What do publishers need

So what do publishers need? They need:

  • An easy way to connect to many content sources.
  • Ability to push content to many destinations: web, mobile and probably B2B.
  • They need their CMS to be architected for the "Cloud" so they don't have to ever worry about silly things like: "are my servers up?", or "do they scale?"

Unfortunately, these are not the concerns that any CMS is architected for.

Let's talk about how such system should be built then.

APIs First

1. APIs First

APIs are the pipes of the digital world. They are the only universal way to connect anything to any other thing on the web. Unfortunately, since we started the web in desktop-centric world, APIs were an afterthought. Historically, we used to build a website and then, maybe also add an API, as a window into our content.

This is a wrong approach. Your website is just one of the publishing destinations. Increasingly, it's not even the most important one, since mobile viewership is clearly on the rise. Don't treat your website as special. Put all your content and functionality into APIs and deliver them through the APIs: for anything whether it's website or Google Glass.

Hypermedia Driven

2. Hypermedia

In publishing we need things to just work. Editors should never worry whether large traffic brought their wonderful content piece down or if something called "replication" broke and that's why things aren't publishing. Things, however complex, must just work, under any load.

This is hard. Where do we look for help?

The most scalable, most distributed system humankind has ever created is: world wide web. We can learn a lot from its design. Better yet, very smart people, have already spent years analyzing what makes web's architecture work.

The key to the scalability of web's architecture is: Hypermedia.

Hypermedia is the matter of which the World Wide Web is made. Much like physical world is built of interacting elementary particles (Bosons and Fermions), the web is essentially the universe of myriad of interacting hypermedia documents.

"Hypermedia" sounds alien and intimidating. What is Hypermedia? It's a type of content that not only carries data but also links to other documents and can be interacted with.

Most of you are already familiar with one Hypermedia type: HTML.
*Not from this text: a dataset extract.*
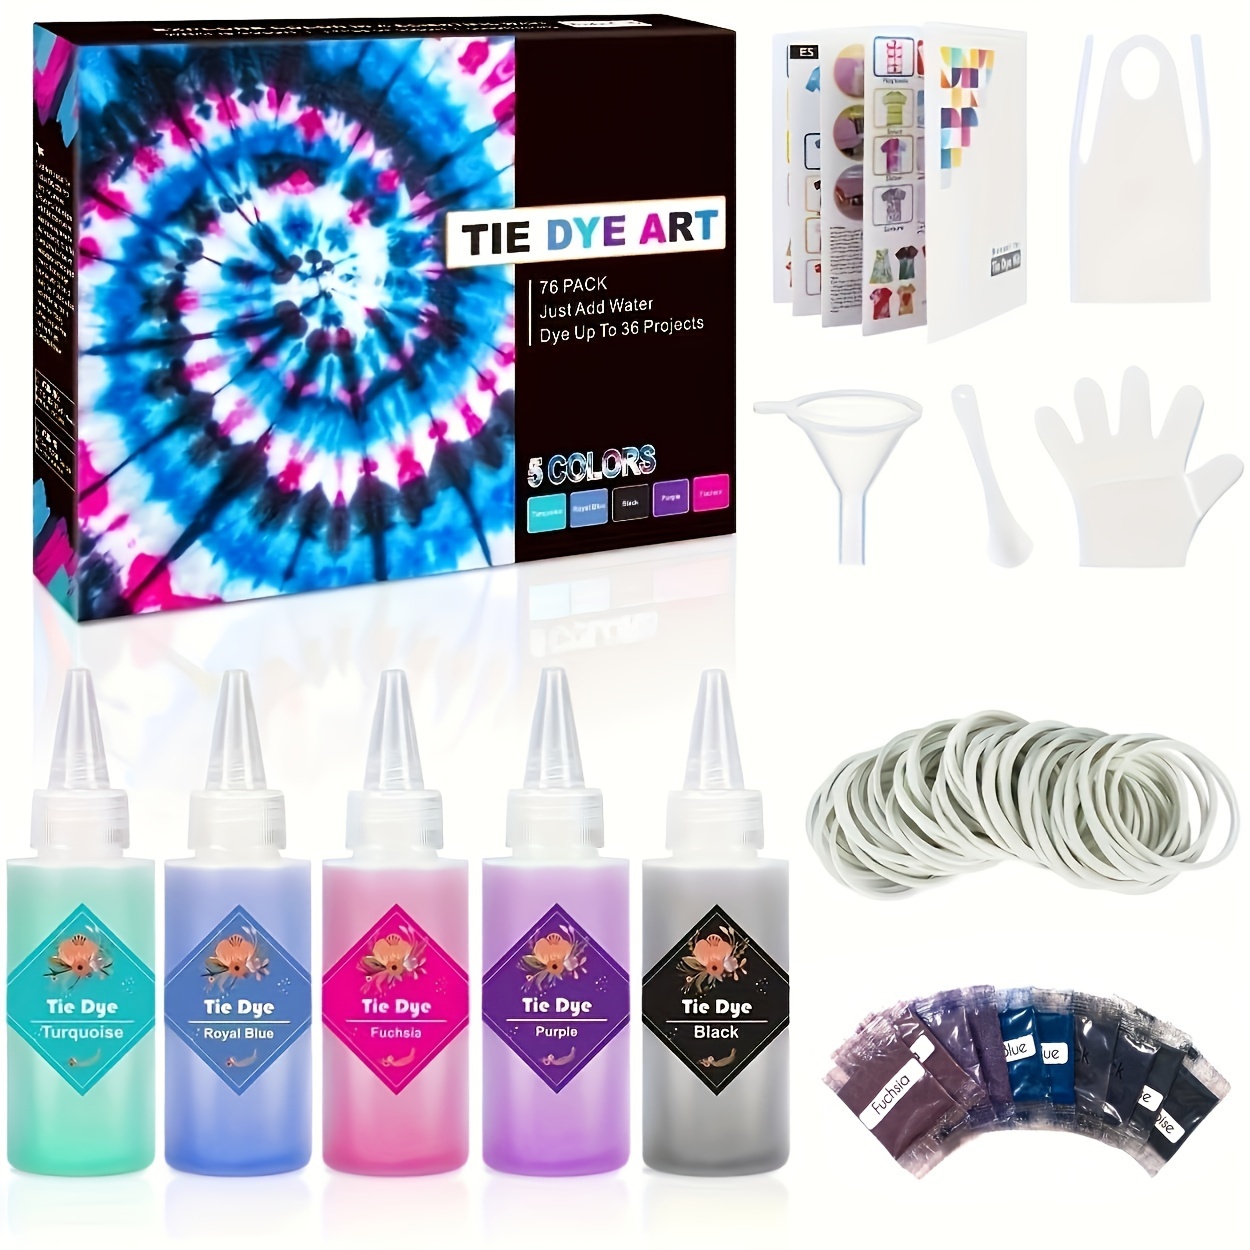 

1set Tie Dye Set, Fabric Dyeing Set, Creative And Personalized Wax Dye T-shirts, Hats, Handbags, Socks, Canvas Slippers And More, The Dye Easy To Dissolve In Water

We take HTML for granted but HTML is really special. It's just a handful of tags, but the wealth of creative user-interfaces and user experiences that people are able to build with HTML is truly astounding. You have a handful of simple rules and you get enormous creativity. That's magical. That's the kind of thing you need when you are building something revolutionary.

However HTML, as a hypermedia type, was designed for human-centric web, for websites, for rending of content. We said that we need to build APIs first. HTML isn't ideal for exchanging structured content via APIs.

Collection Document

There are however, other hypermedia types that were designed for that very purpose. As a matter of fact, when building PMP we designed a very robust one for media organizations. It's called Collection.Document and you can find all the information about it at cdoc.io. I highly recommend checking it out.

Linked APIs

3. Linked APIs

In order to build truly interconnected system that will allow us to freely publish content in the Internet of Things, it isn't enough to just build APIs first, or to just use Hypermedia. We need to use both of these tools to create something I call: Linked APIs.

Linked APIs are a new breed of APIs that fix a significant flaw with the current generation of APIs.

The problem with the current APIs is that: most APIs are, at best, creating narrow windows into solid walls surrounding the silo-ed data islands. Even the most well-known and large APIs – such as those provided by Twitter, Facebook or Google – only operate on the data that is within their own databases.

To take Twitter as the example: there is a lot that you can do with their public API; but in the end all of the created content always resides on Twitter's servers. The same is true for Facebook, of course.

In that sense, current APIs create isolated, guarded data islands in the universe of the web. Which is very "anti-web" — the web was created in the spirit of decentralized equal participation. On the web, everybody publishes everywhere, owns their data, and then we have ways to reach that data through hyperlinks, RSS feeds, activity streams, Google search and other methods. APIs have not really reached that stage of maturity yet. APIs are highly centralized, in terms of data storage, and virtually none of them ever link to other APIs.

We need APIs that link to each other. Hyperlinks were essential for the growth of human web. They are equally essential for the Internet of Things ahead of us.

We can only truly have open and free data, if we jail-brake the data out of the silos that data is stashed-away at, currently. Linked APIs are the key to data freedom on the web. They are the engine of that freedom.

Let's get the engine cranking!